> MATERIAL TO PROCESS:
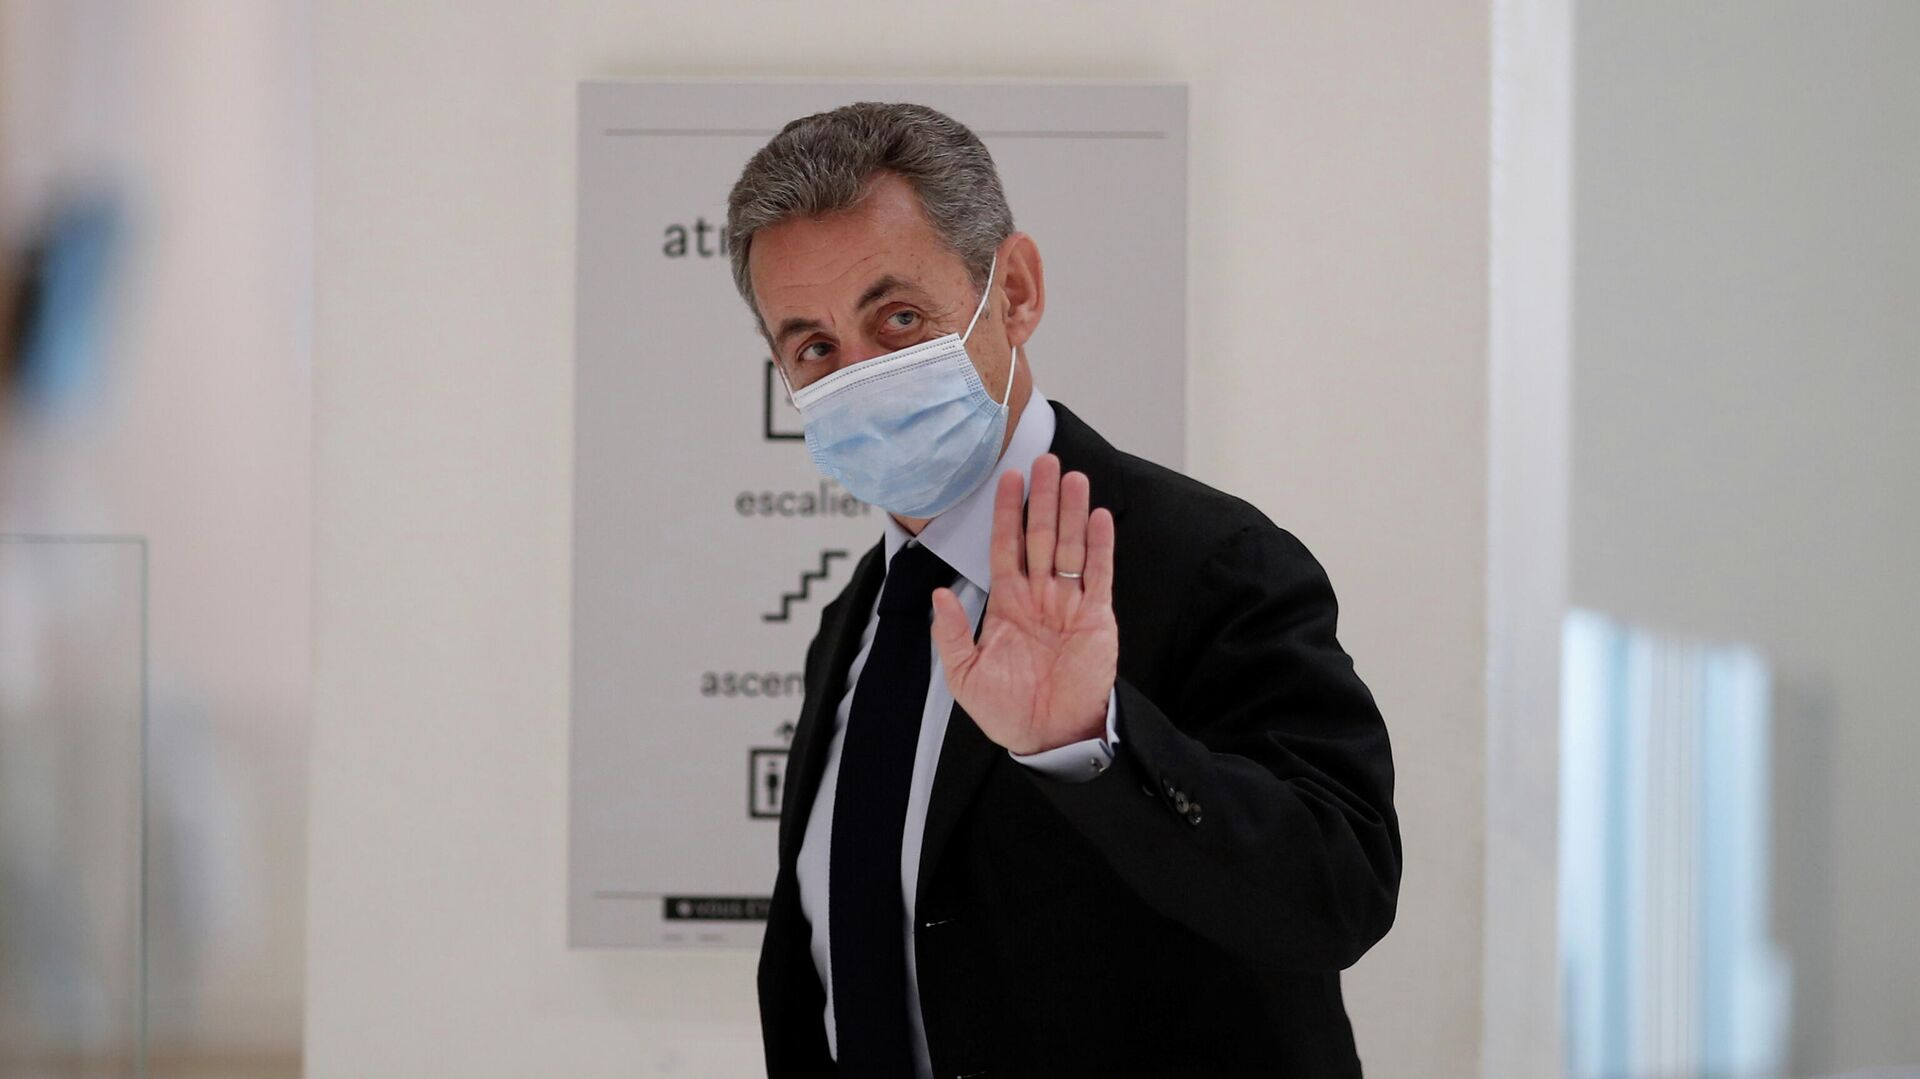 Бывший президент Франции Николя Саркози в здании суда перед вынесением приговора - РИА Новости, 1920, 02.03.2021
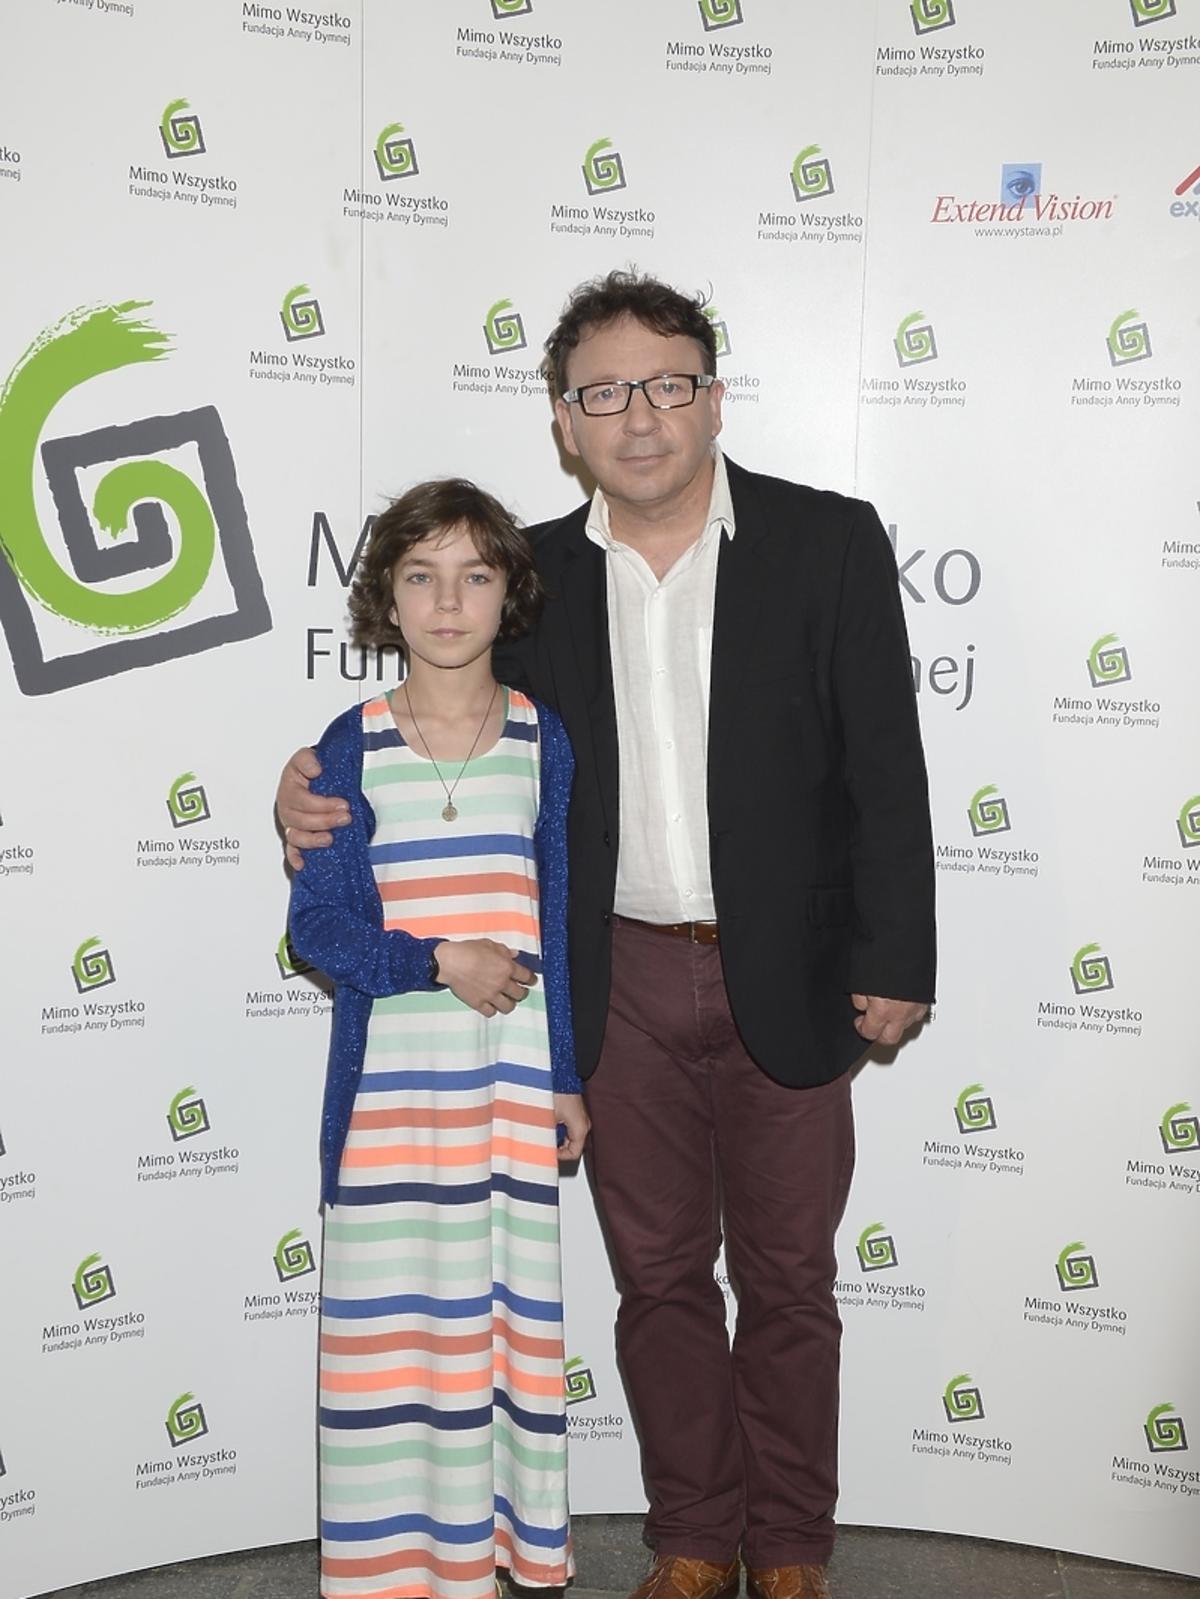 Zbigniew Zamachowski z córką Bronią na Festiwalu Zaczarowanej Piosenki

---

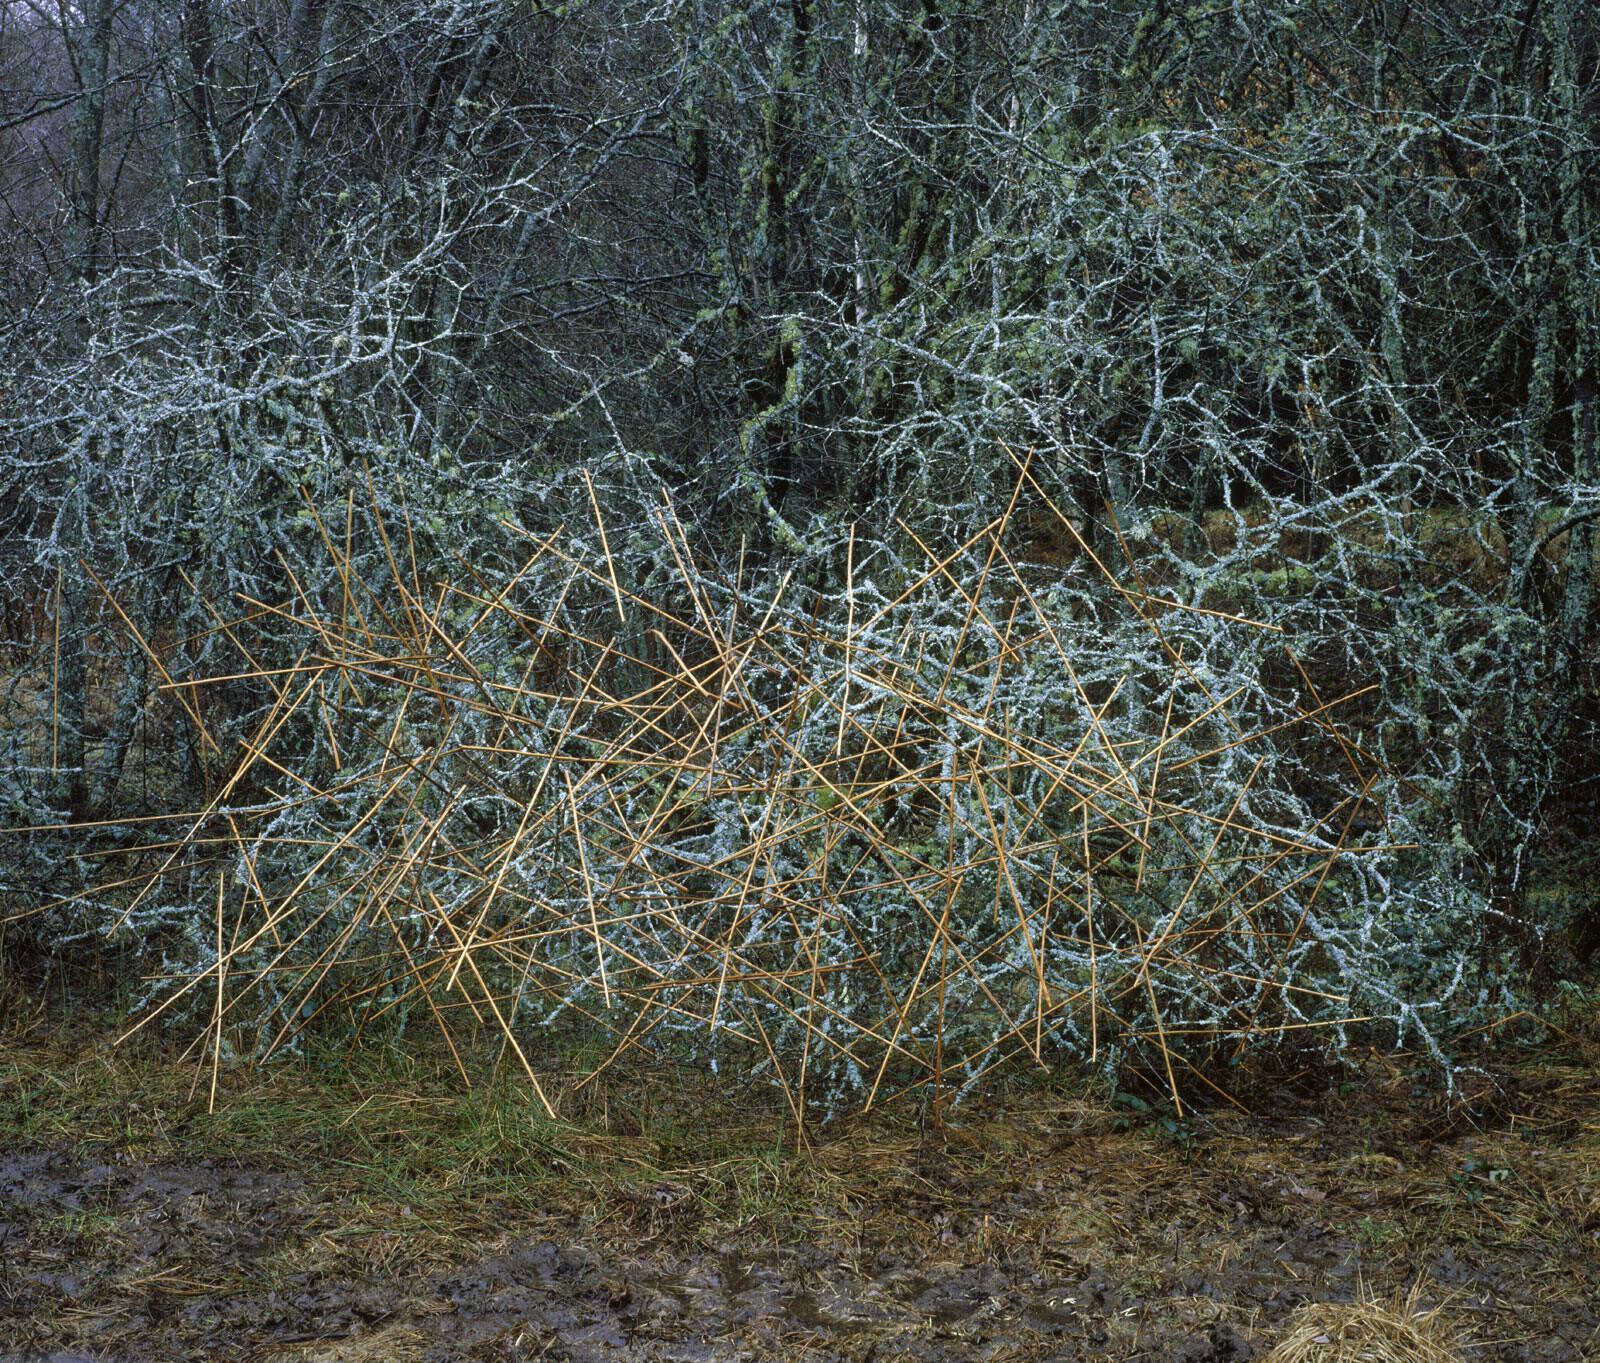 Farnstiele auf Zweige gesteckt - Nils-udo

> INSTRUCTIONS TO FOLLOW: In the listing above, find the line containing "Бывший президент Франции" and the line containing "Zbigniew Zamachowski z". Reproduce those lines and all between them exactly, with no pictures and nothing more.

> EXERCISE ANSWER:
 Бывший президент Франции Николя Саркози в здании суда перед вынесением приговора - РИА Новости, 1920, 02.03.2021
 Zbigniew Zamachowski z córką Bronią na Festiwalu Zaczarowanej Piosenki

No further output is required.